Prompt
Where the material below has a line containing "Orb 5X3 Corner Sofa", start repeating exactly, and keep going through the line containing "Womens Inblu BM000033", with no other lines.

[Opening Source information section]

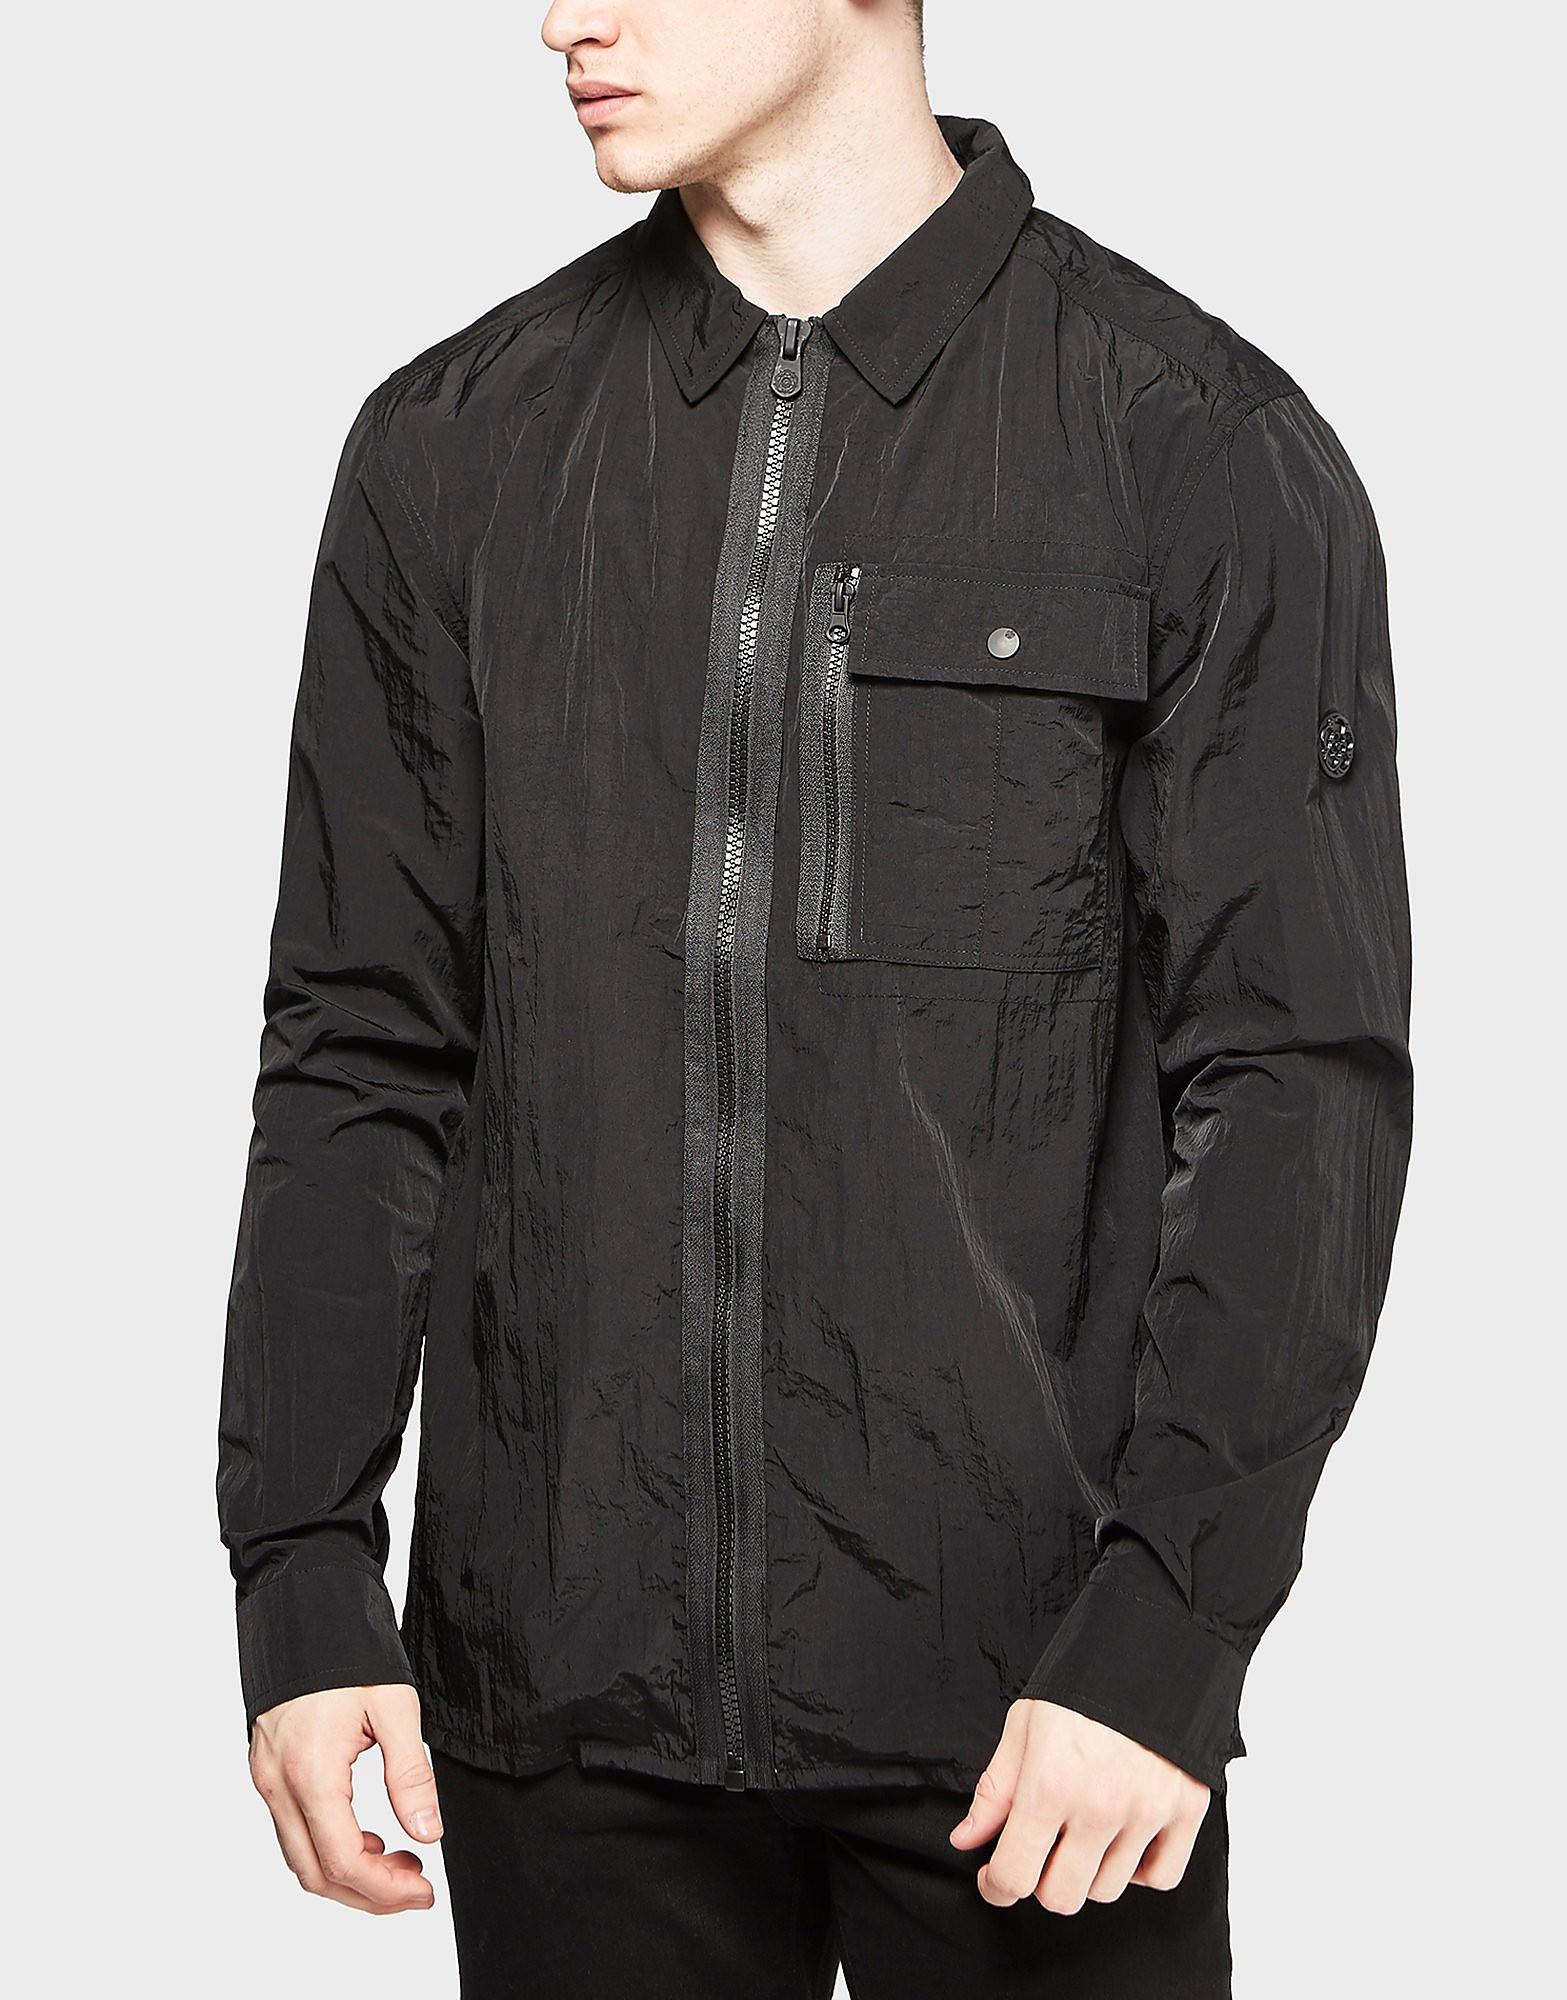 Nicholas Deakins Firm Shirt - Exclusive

[Closing Source information section]
[Opening Source information section]

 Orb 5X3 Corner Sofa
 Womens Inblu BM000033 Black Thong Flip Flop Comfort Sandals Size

[Closing Source information section]

Answer section
 Orb 5X3 Corner Sofa
 Womens Inblu BM000033 Black Thong Flip Flop Comfort Sandals Size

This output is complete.